● **Task statement**
Verbatim copy, pictures excluded: every line from the one with "Vintage 80s Levi's Black Jeans - W30 L32" through the final line of the data below, and no other line.

● **Provided material**
====================
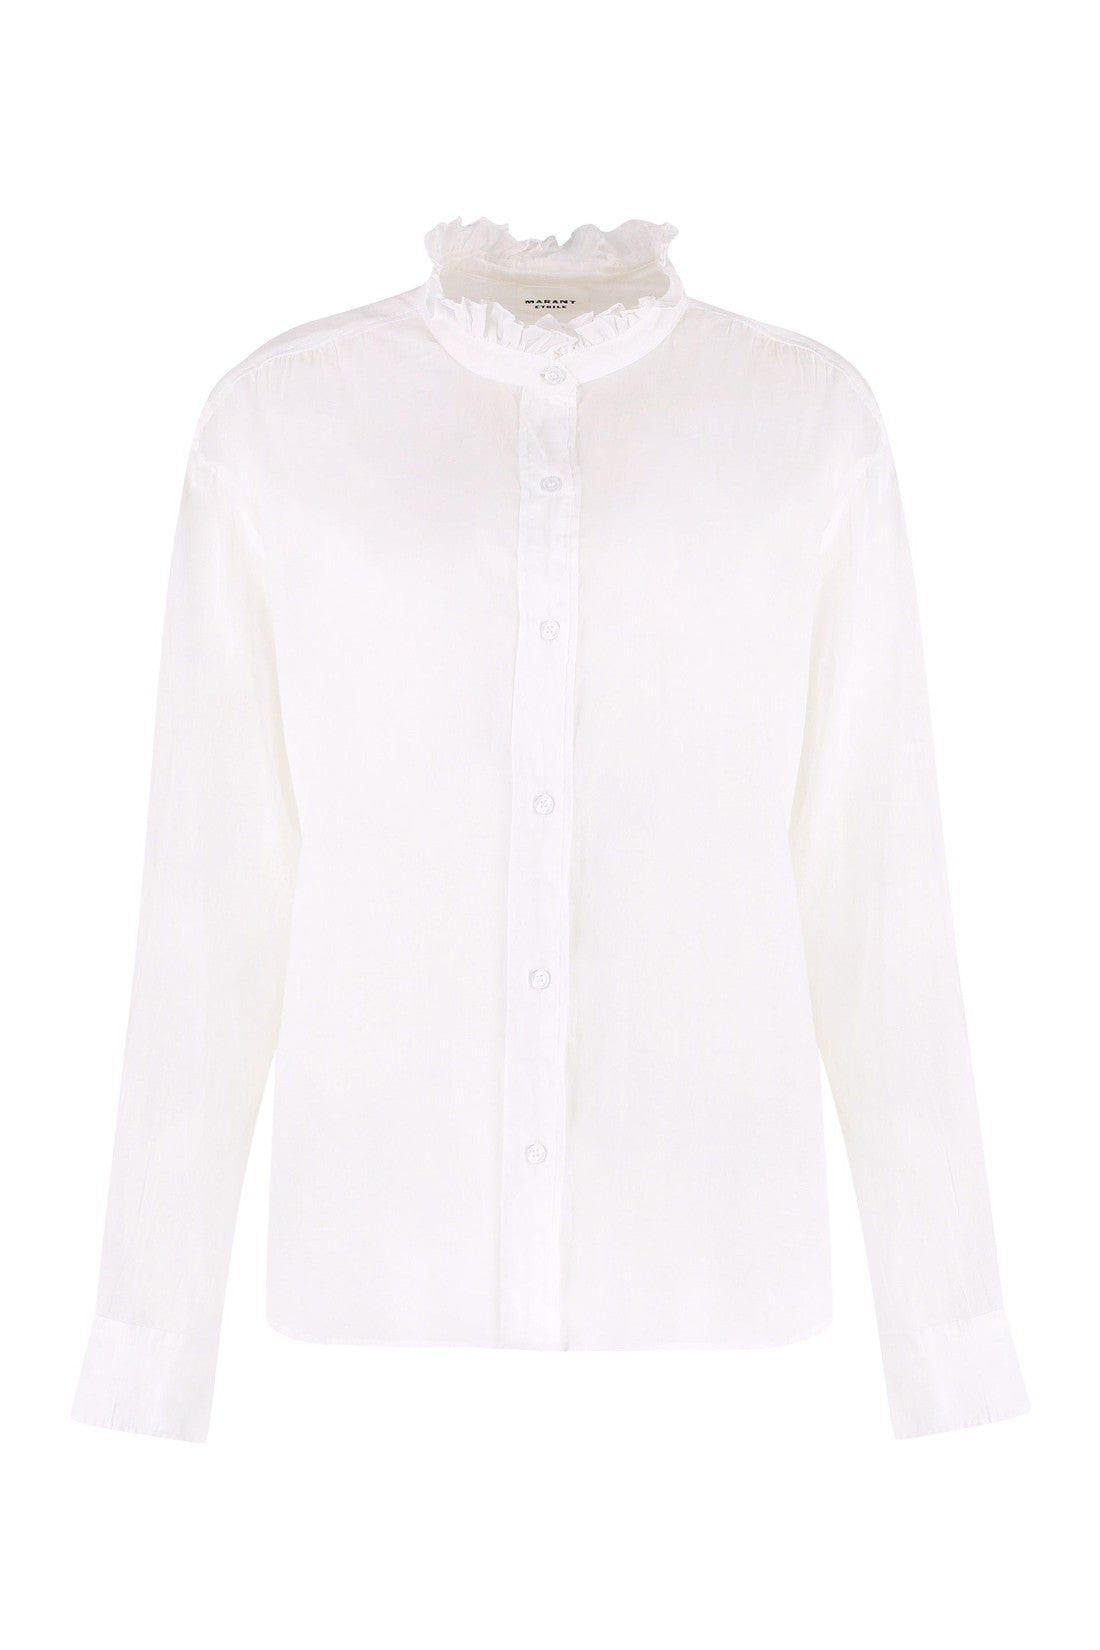 Isabel Marant Étoile-OUTLET-SALE-Gamble cotton shirt-ARCHIVIST
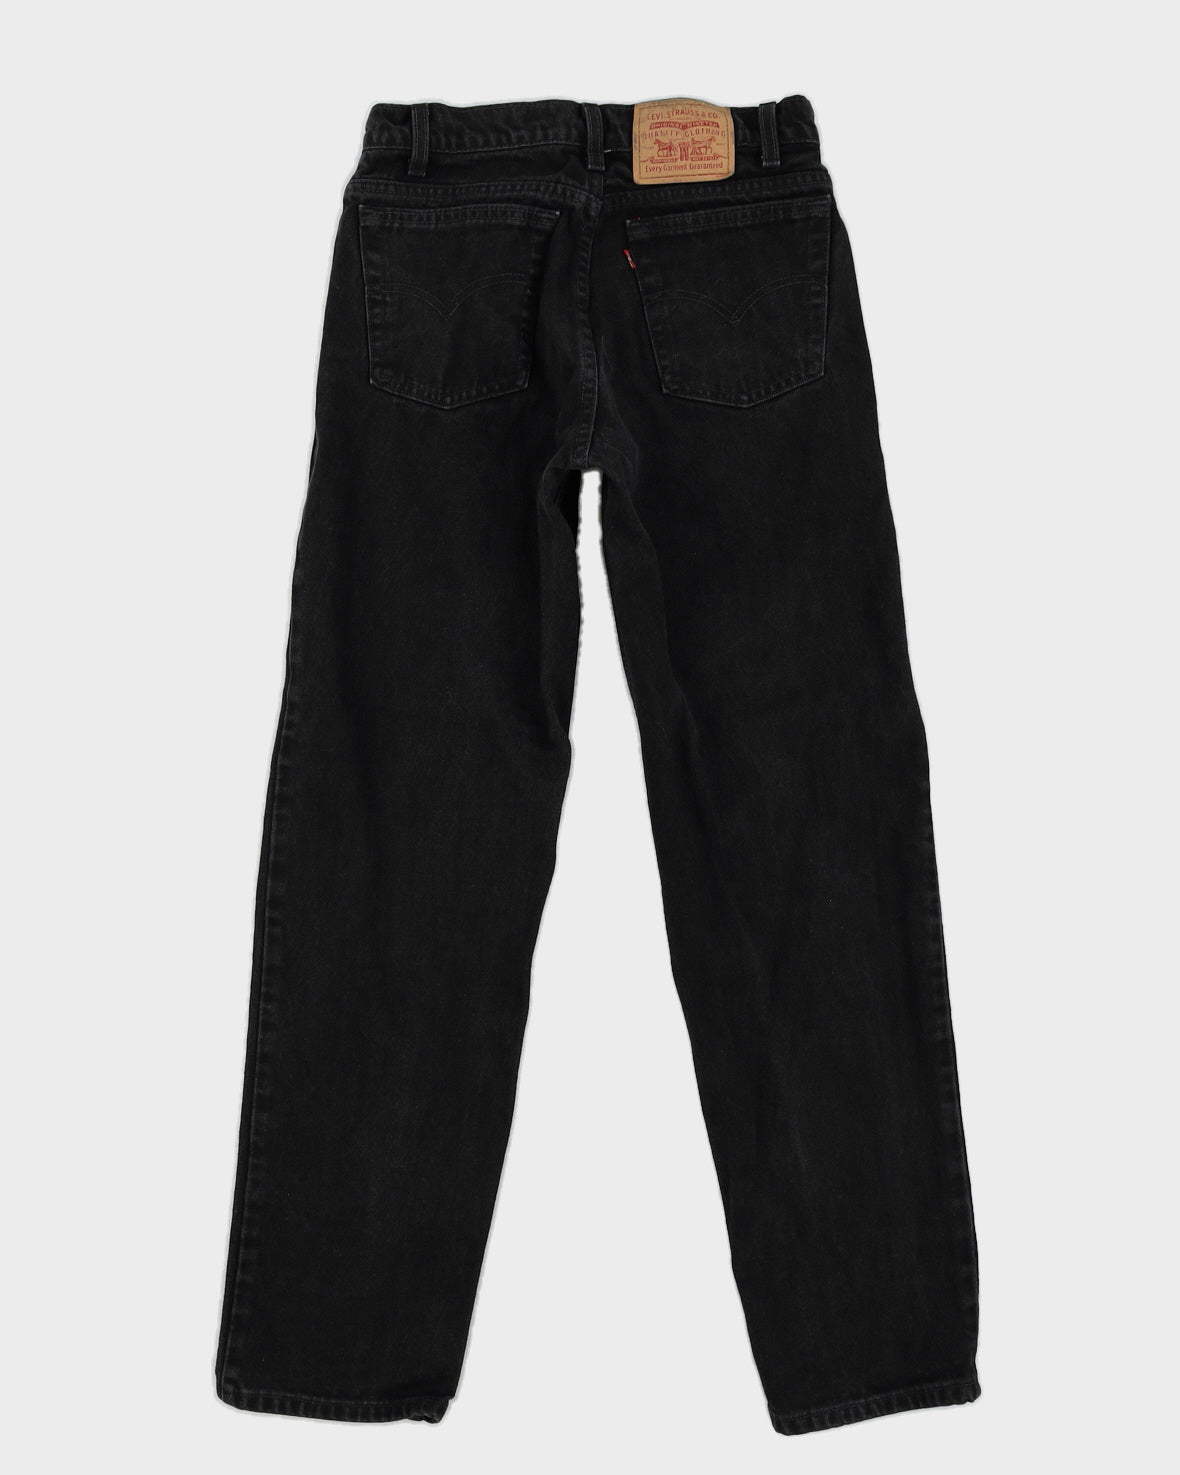 Vintage 80s Levi's Black Jeans - W30 L32
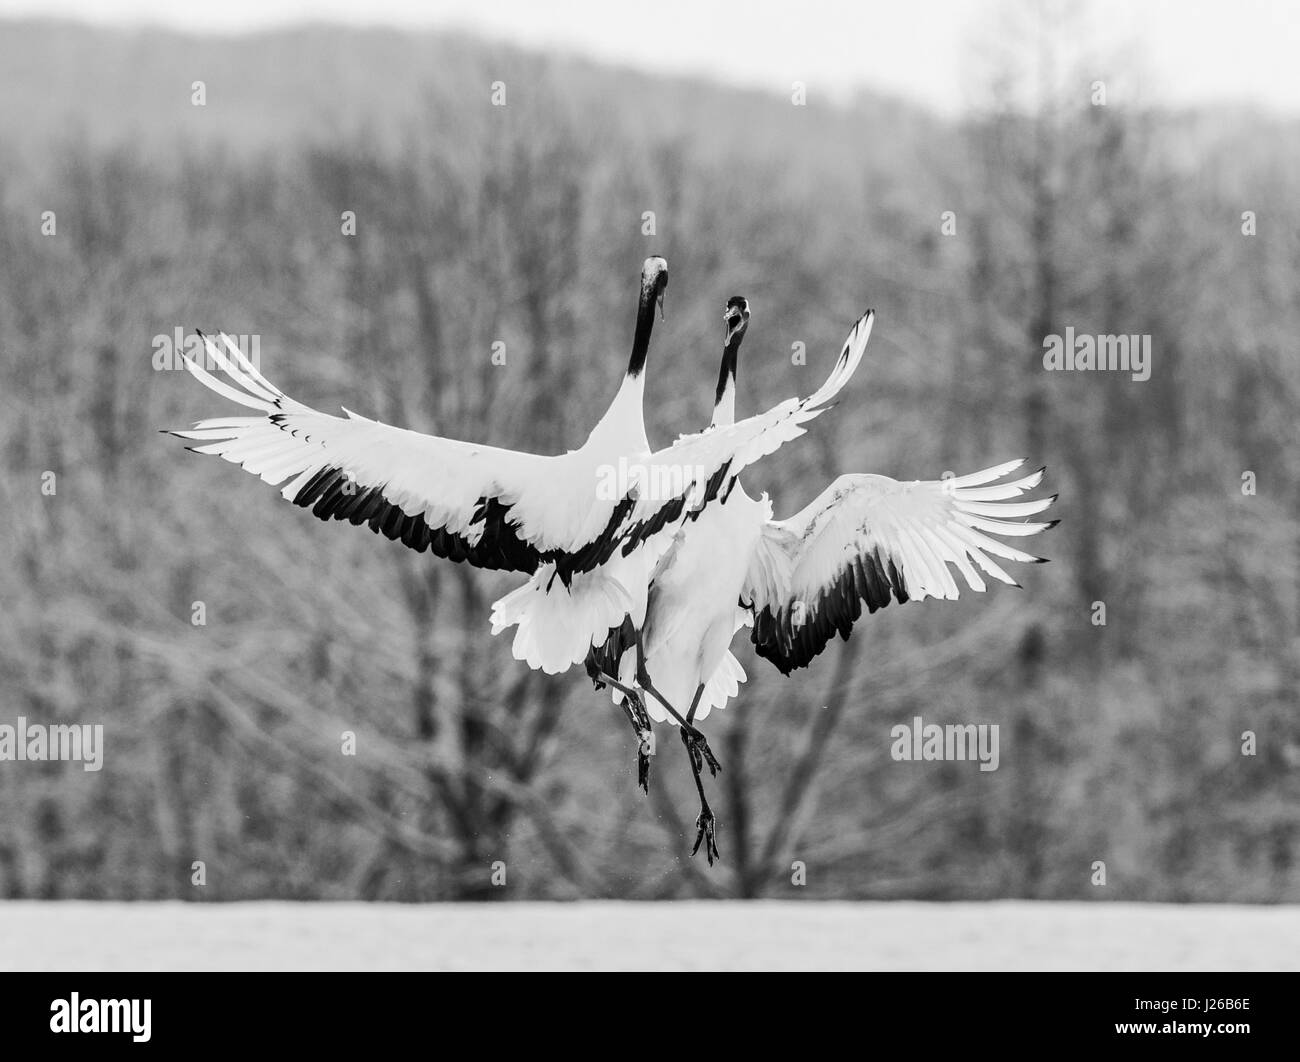 Two Japanese cranes in flight. Japan. Hokkaido. Tsurui. Great illustration. Stock Photo
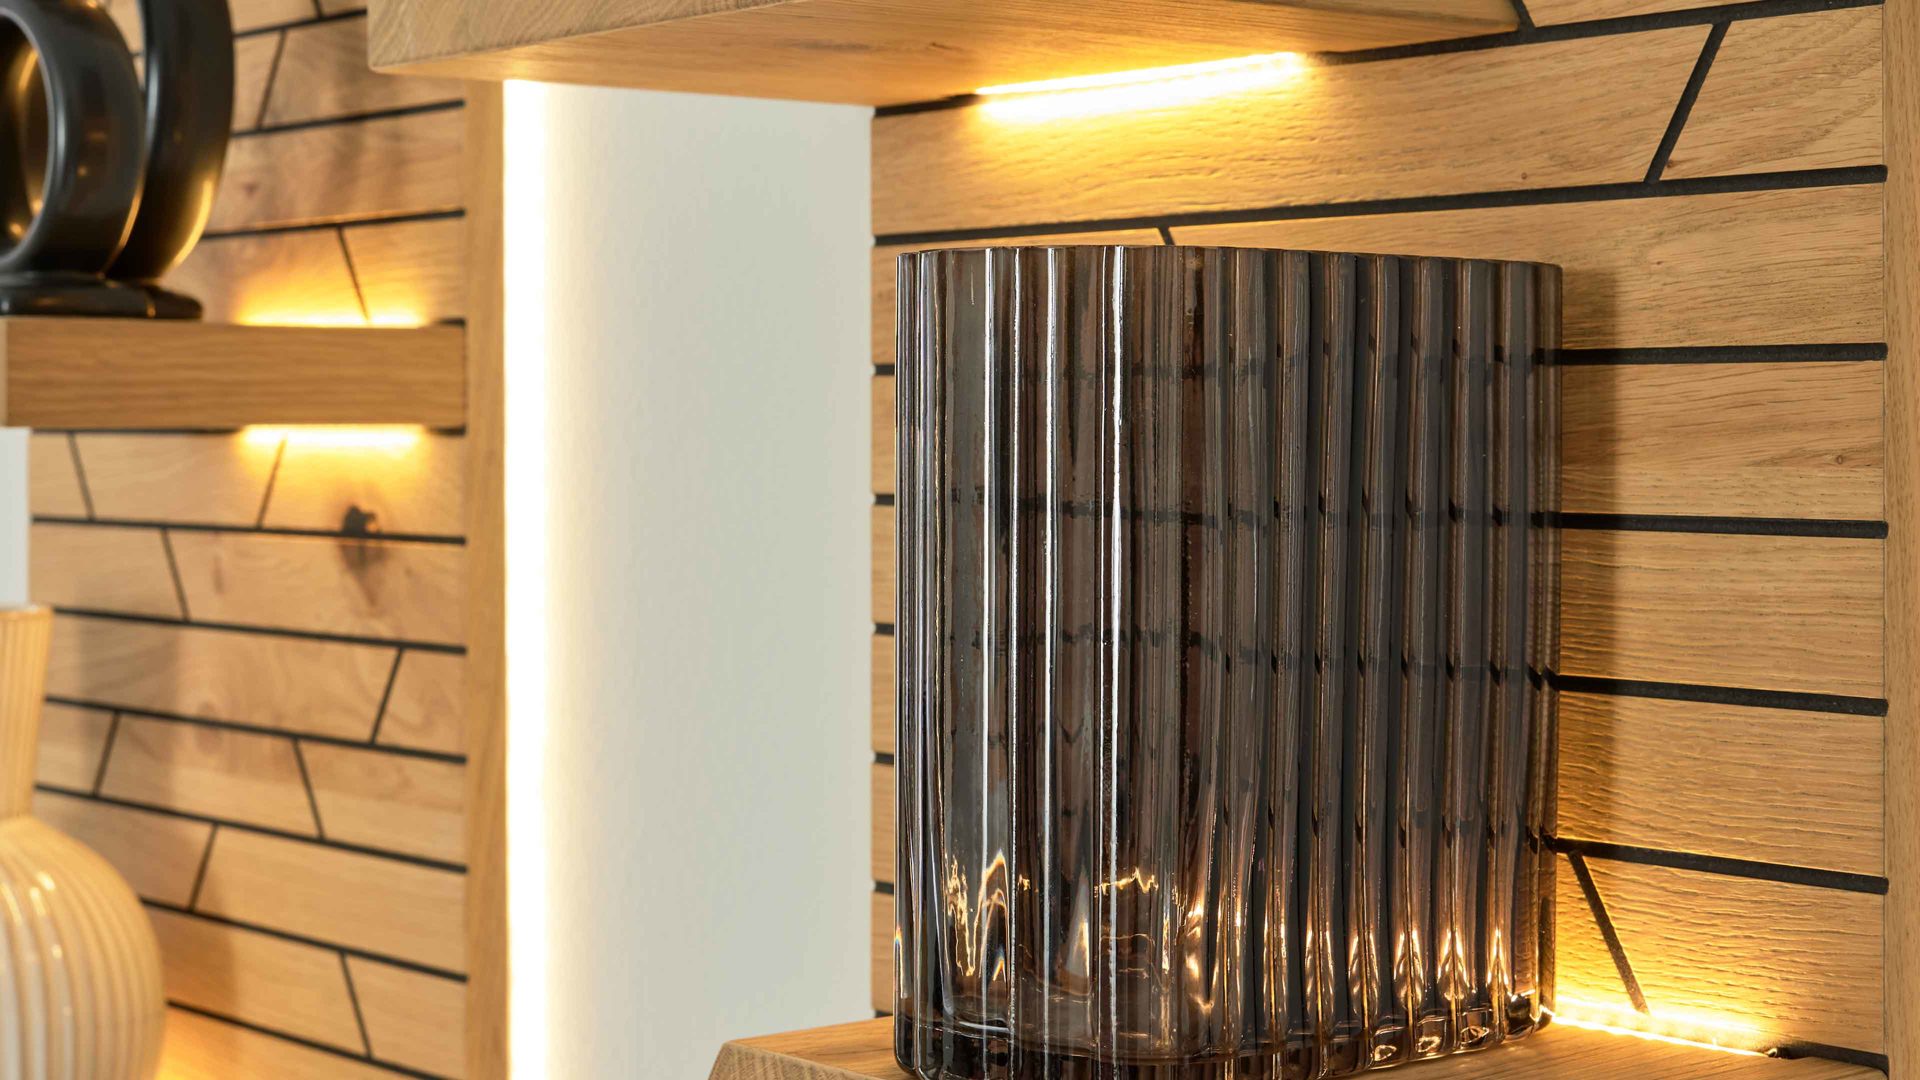 LED-Beleuchtung Interliving aus Kunststoff in Weiß Interliving Wohnzimmer Serie 2108 - Holzboden-Beleuchtung 44-44 zweiteilig
====================
● **Task answer**
 Vintage 80s Levi's Black Jeans - W30 L32
 Two Japanese cranes in flight. Japan. Hokkaido. Tsurui. Great illustration. Stock Photo
 LED-Beleuchtung Interliving aus Kunststoff in Weiß Interliving Wohnzimmer Serie 2108 - Holzboden-Beleuchtung 44-44 zweiteilig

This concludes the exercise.